### Given records
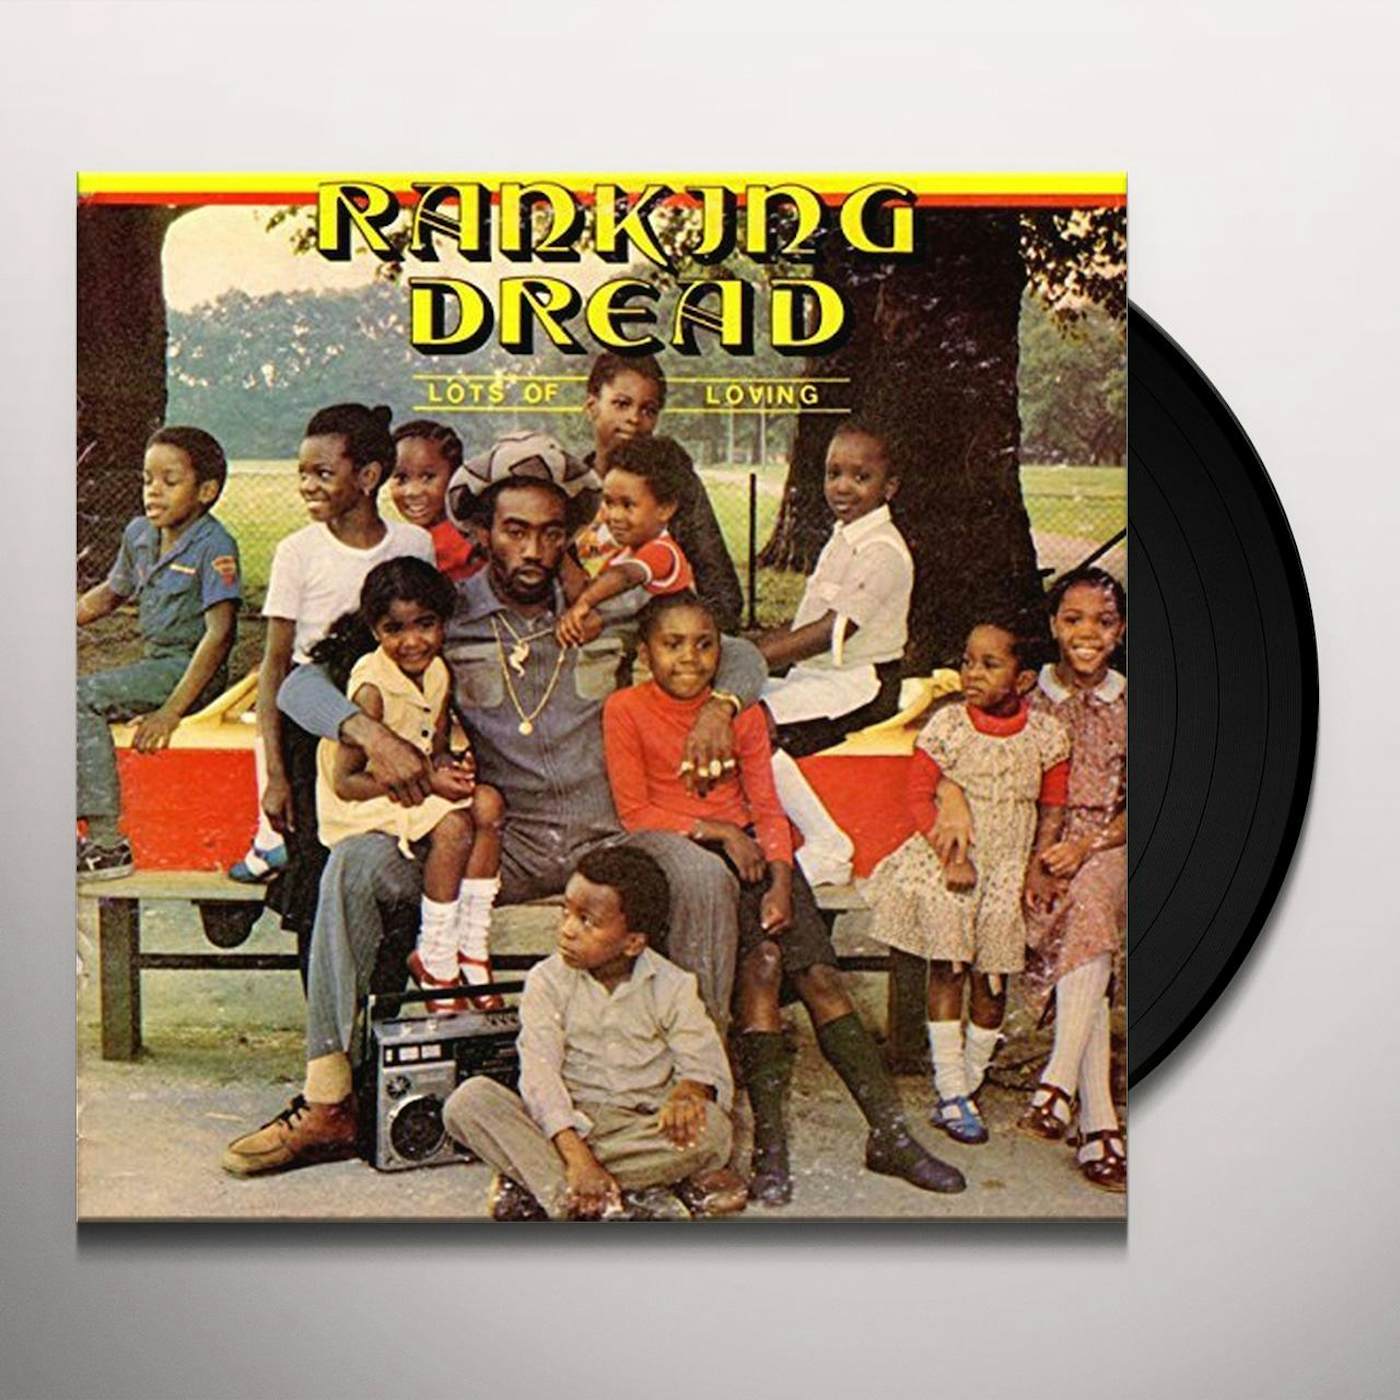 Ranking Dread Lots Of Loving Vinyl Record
--
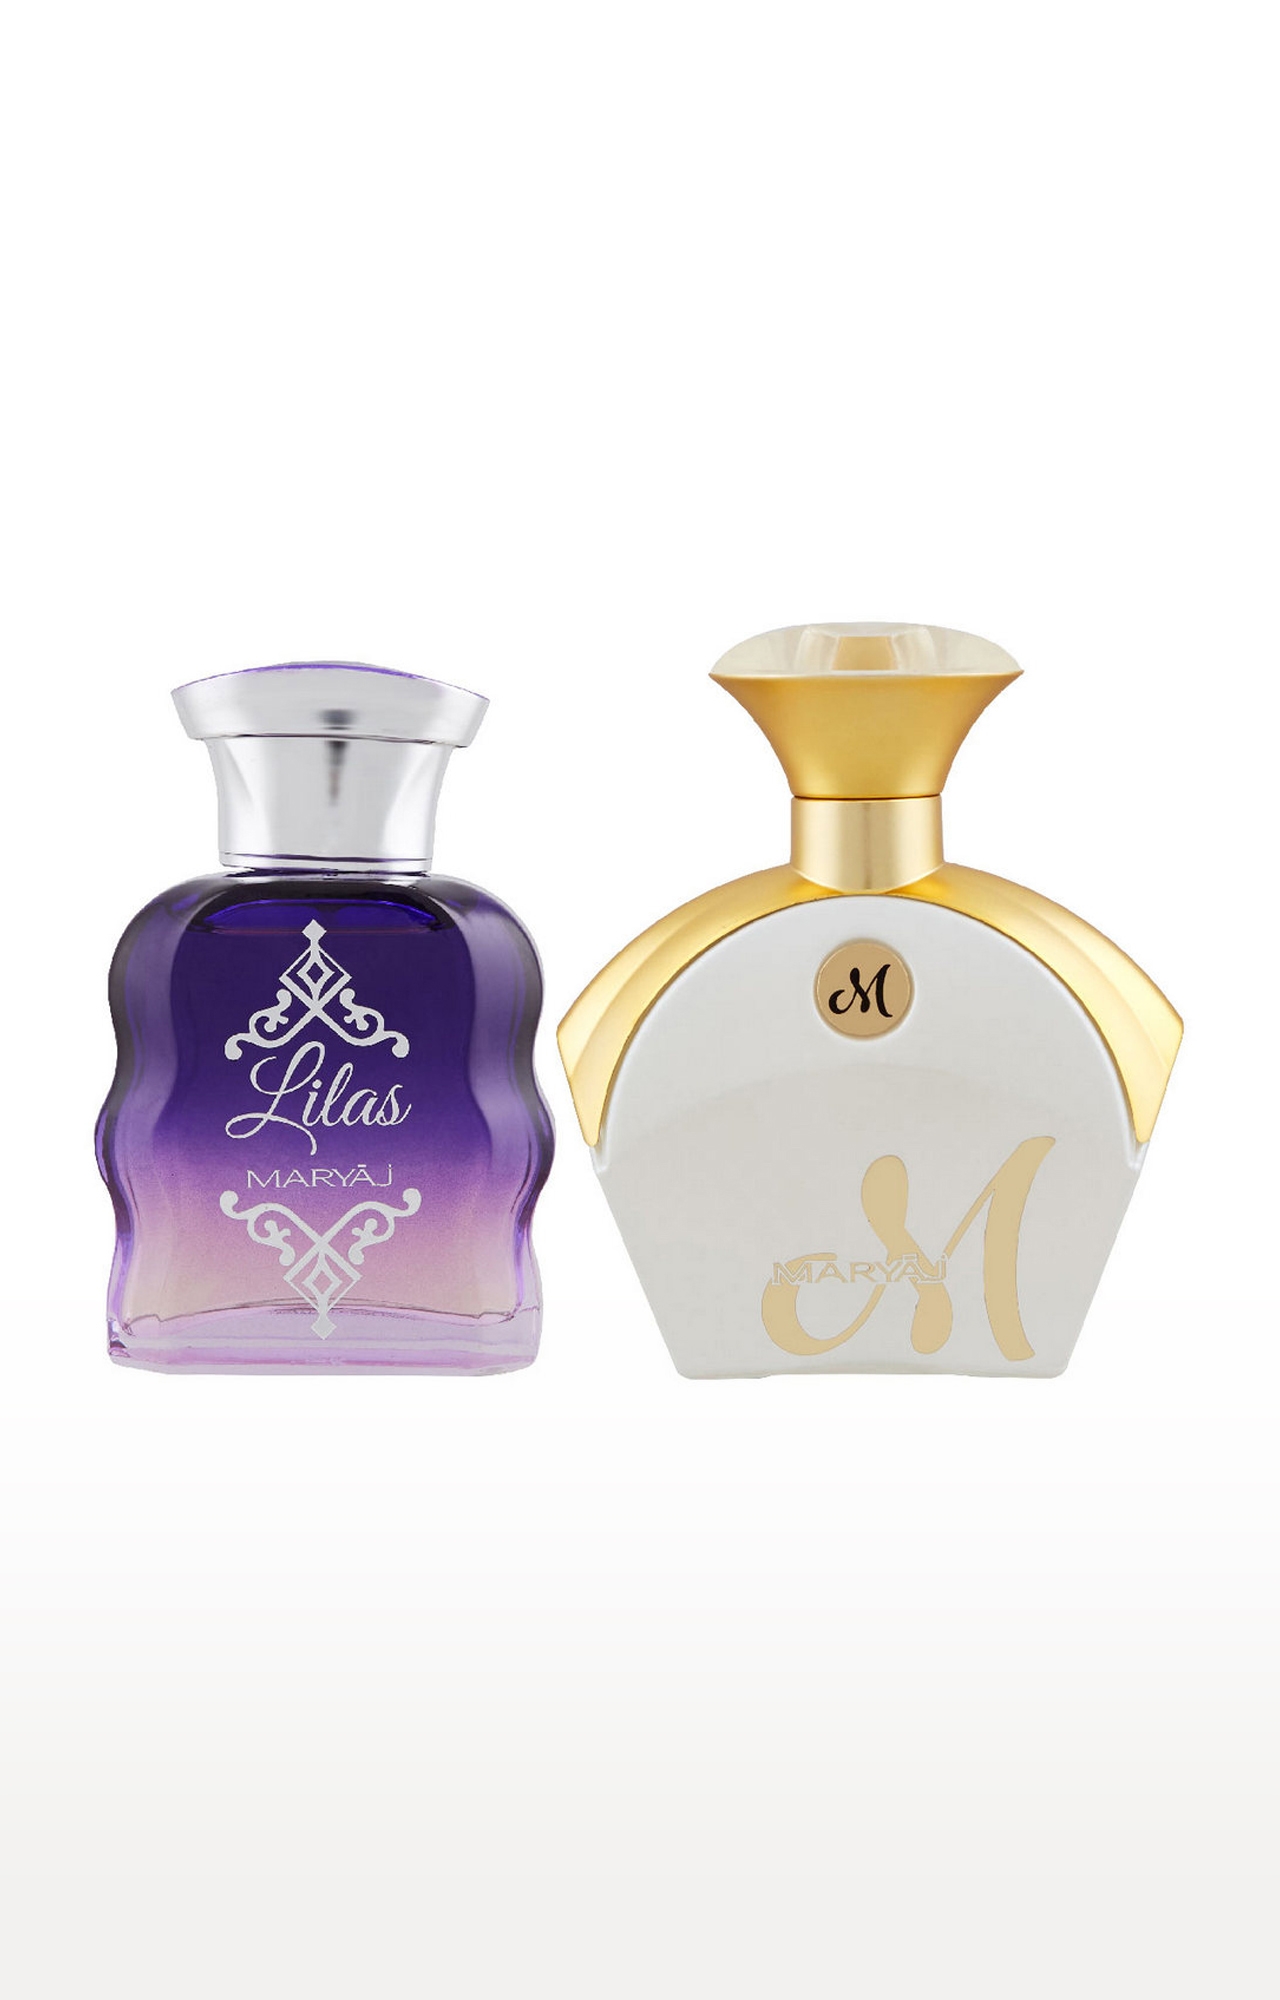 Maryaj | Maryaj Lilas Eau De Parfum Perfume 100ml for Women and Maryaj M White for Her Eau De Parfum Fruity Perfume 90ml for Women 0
...
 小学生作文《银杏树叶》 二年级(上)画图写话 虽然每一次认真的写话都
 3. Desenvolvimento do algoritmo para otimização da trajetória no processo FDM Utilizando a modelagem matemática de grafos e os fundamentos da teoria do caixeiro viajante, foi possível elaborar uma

### Problem details
Would you please copy, word for word, everything above from the line containing "小学生作文《银杏树叶》 二年级(上)画图写话 虽然每一次认真的写话都" down to the line containing "3. Desenvolvimento do", those two lines included?

### Task result
 小学生作文《银杏树叶》 二年级(上)画图写话 虽然每一次认真的写话都
 3. Desenvolvimento do algoritmo para otimização da trajetória no processo FDM Utilizando a modelagem matemática de grafos e os fundamentos da teoria do caixeiro viajante, foi possível elaborar uma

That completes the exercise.